FIG. 1 is a longitudinal cross-sectional view showing a schematic configuration of an embodiment of the present invention;
Figures 2 (A) and (B) are diagrams showing the state of magnetic lines of force around the magnetic members of the apparatus shown in Figure 1, and Figure 3 is a diagram showing experimental results using the apparatus shown in Figure 1 compared with conventional ones. FIG. 4 is a longitudinal cross-sectional view showing a schematic configuration of another embodiment of the present invention. l...Latent image carrier (photosensitive drum) 2.
......Developer carrier (development sleeve) 3...
......Magnetic field generating means (Macnet roll) 3a
, 3b...Magnetic pole 4...Developer container 4a...Opening 5...Regulating member 10... ...Representative of Canon Co., Ltd., magnetic member patent applicant
Person Patent Attorney Fujioka Microbacteria 1 Figure 3 Figure 3 Surface voltage of photoreceptor drum (V) Figure 4 Procedural amendment (method) % formula % 1. Indication of the incident 1985 Patent application No. 251631 2. Invention Name Development Device 3, Relationship with the person making the amendment Patent applicant address 3-30-2 Shimomaruko, Ota-ku, Tokyo Name (100) Canon Co., Ltd.
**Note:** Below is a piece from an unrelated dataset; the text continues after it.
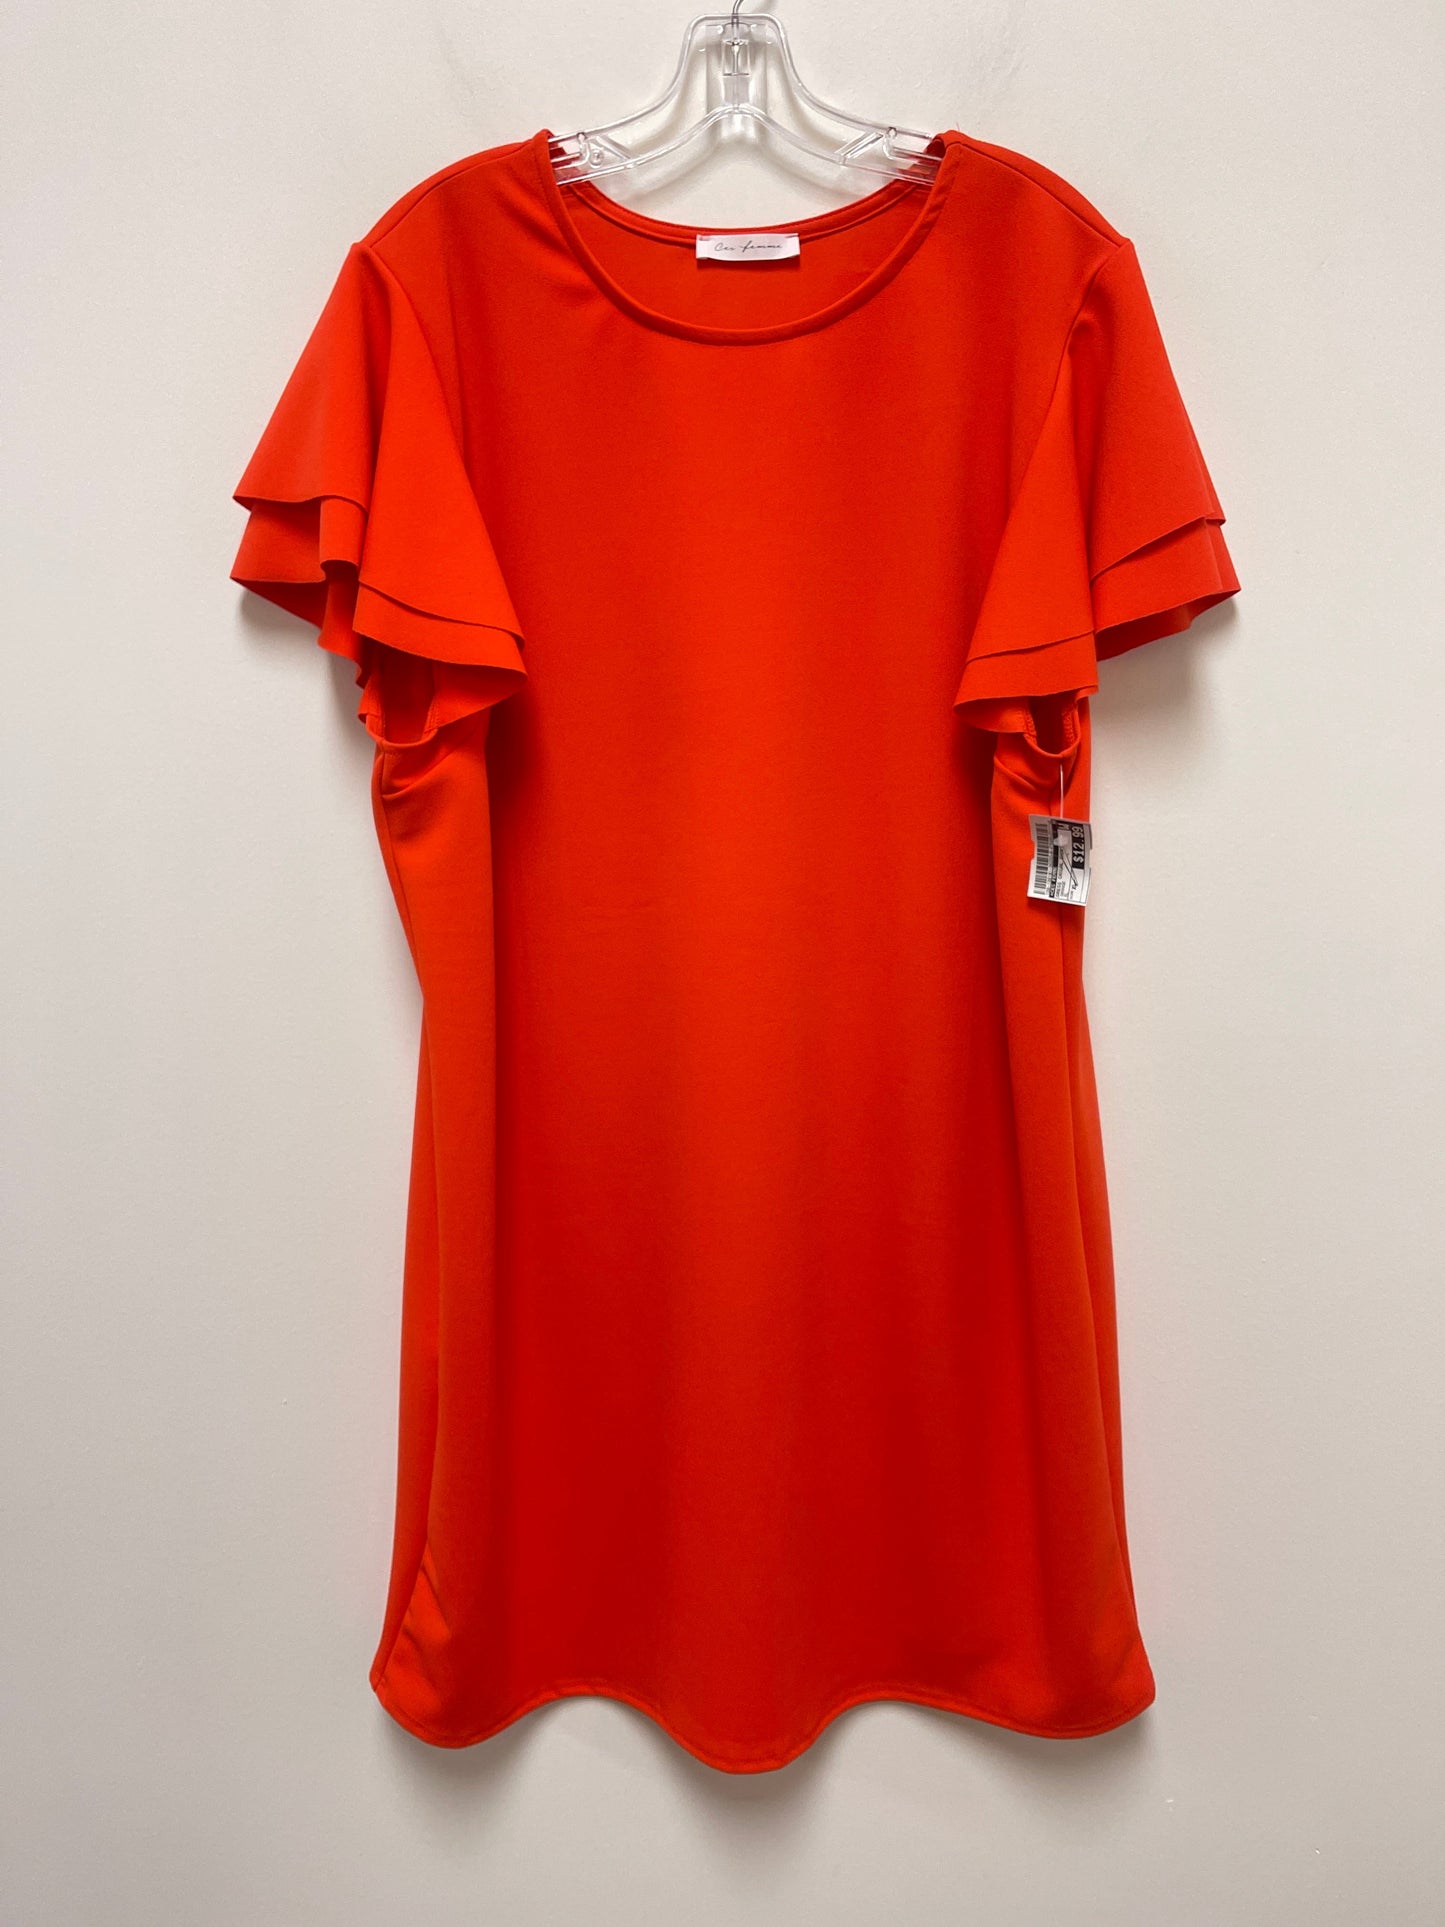 Dress Casual Short By Ces Femme  Size: Xl

Representative Kaku
Ryu Sanbu 4, Agent 150 Phone: 03-770-904
05, date of amendment order: December 2, 1986 (Shipping date: December 2, 1988)
2) 6. In column 7 of "Brief explanation of drawings" of the specification to be amended, "It is a longitudinal sectional view" on page 19, line 5 of the statement of contents of the amendment was changed to "Longitudinal sectional view. 5 is a diagram showing the state of magnetic lines of force in the conventional device.''

Claims (3)

[Claims] (1) A rotatable developer carrier, which conveys developer on its surface by the magnetic force of a magnetic field generating means fixedly arranged in the internal space, is moved from the front opening of the developer container containing the developer. A developing device in which the developer carrier and the latent image carrier are disposed in the container so as to partially protrude, and the developer carrier and the latent image carrier are installed in parallel, with the protruding portion of the developer carrier being close to or in contact with the latent image carrier. The developer carrier has a cylindrical outer diameter of 5 mm or more and 25 mm or less, the magnetic field generating means has magnetic poles at two positions around the periphery, and one pole is located at a position facing the latent image carrier, The other electrode is disposed at a position in the internal space of the developer container, and contacts the surface of the developer carrier at the outlet side portion of the developer carrier at the opening of the developer container to form a layer of developer on the surface. a regulating member for regulating the thickness of the developing material, the developing material being located within the magnetic field region of the other pole and below the maximum magnetic force line position of the other pole at the entrance side portion of the developer carrier at the opening of the developer container. A developing device characterized in that a magnetic member is disposed at an upstream position in the moving direction of the developer carrier, facing the developer carrier with a gap therebetween. (2) The developing device according to claim (1), wherein the two poles of the magnetic field generating means are located approximately on one diameter line of the developer carrier. (3) The developing device according to claim (1), wherein the regulating member is formed of a non-magnetic thin plate that has elasticity and comes into contact with the developer carrier.